Kodai is now obliged to carry Sanada’s limbless torso back with him toward the ship. Oh my GOD. This episode just gets odder and odder; as they get back to the outside of the emitter, Sanada tells Kodai to leave him behind. You know he won’t, all starships need a Making Science Bend Over And Take It Officer, so…
So, uhm, apparently in addition to providing mobility, Sanada turned his limbs into explosives. Yes, really. Leaving them behind, he can detonate them and destroy the space yam’s brain. (okay) He has a deadman’s switch in his arm. The look on Kodai’s face is still eloquent 38 years after the original airing. “Sanada, you’re…” But Sanada swears he’s not suicidal! Then there’s some mumble I don’t quite track about how he hopes the explosion will trigger the emitter’s shutter – how this will help him when he’s still inside the thing when it blows I have no idea. “You might be able to find one of my bones,” he adds reassuringly.
I just WHAT. Kodai and I both have NO IDEA how to react to this. Kodai obeys Sanada’s wishes, and reenters the “seamless” ship, still hanging out there parked right next to the yam, then takes off. On the Yamato, Okita consults some kind of obscure Future Space Compass and tells Shima to warp, causing Yuki to adorably gasp and cover her face. Okita looks stunned when Kodai radios in.
Sanada blows uhm, himself up, and I’m totally expecting his torso to whack into the front of the Seamless Fighter and slide off the hood (because this show would totally go there). It doesn’t look like anyone could have survived roasted space yam, but somehow Kodai hears Sanada yelling and picks him up off the surface, his suit charred and burned (okay). The smile he has then should give EVERYONE watching this show a moment of serious pause.
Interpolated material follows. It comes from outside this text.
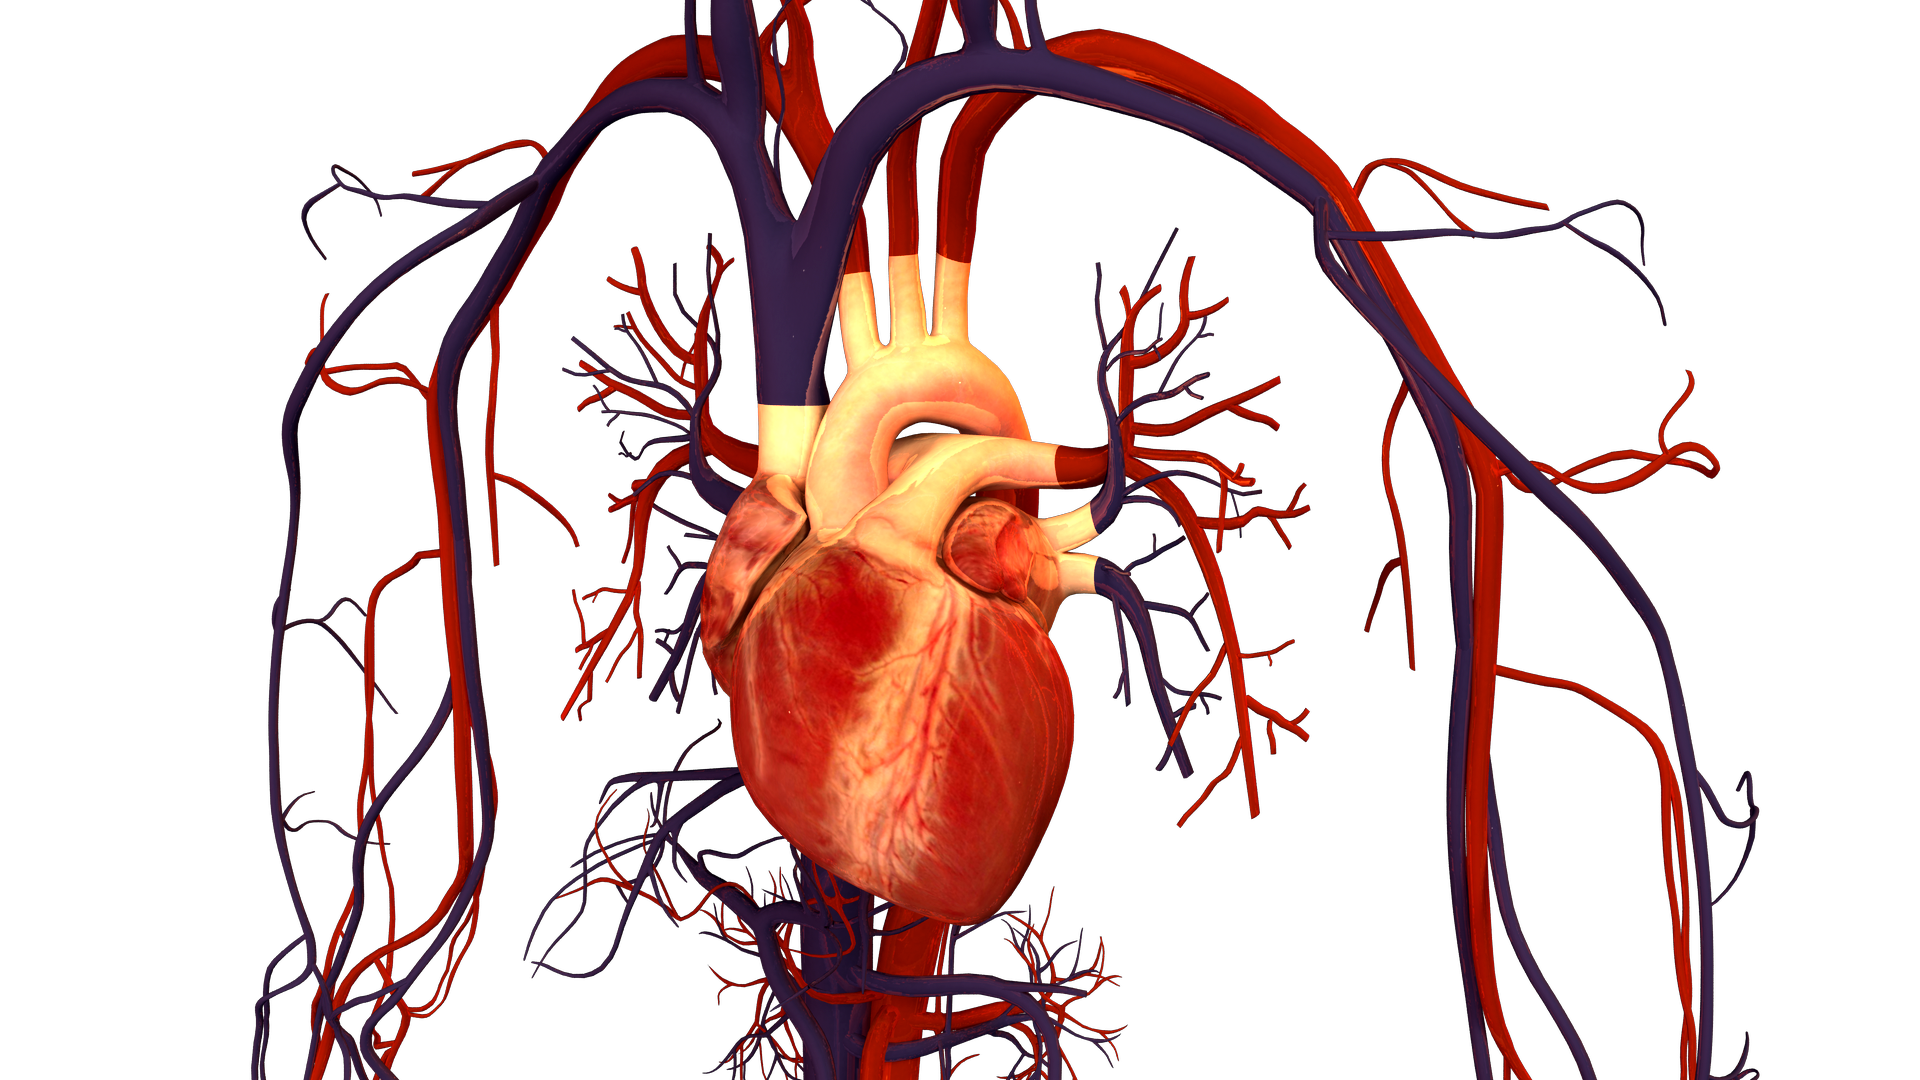 Žmogaus širdis ir kraujotakos sistema. (wikihow.org nuotr.)

Meanwhile, on Balan, at Gamilas base, Domel watches a radar screen of the Yamato getting past their precious space yam. He … gets out a cigarette, and Gale meekly attempts to light it for him, but his lighter doesn’t work. I guess this was as good for Domel as it was for Sanada, or, or something. Holy crap what am I even seeing here. So Domel just managed to both salute Yamato’s epic manliness and insult Gale’s at the same time. Domel walks off, with a big satisfied grin on his face.
Kodai is up at the WTF Just Happened Dome, staring out into space and probably trying to come to grips with the PTSD that having a friend with Sudden Explosive Robot Limbs just gave him. Sanada sneaks up on him and taps his shoulder (!) with his shiny new arms. He’s a whole man again! And they’re wrapping up with the ‘as long as you remember your brother in your heart, he will always be alive’ speech, which to me is really a far second to HOLY SHIT YOU HAVE BIONIC LIMBS, MAN!
260 days remain for Earth unless everyone suddenly replaces all their limbs with explosive bionics!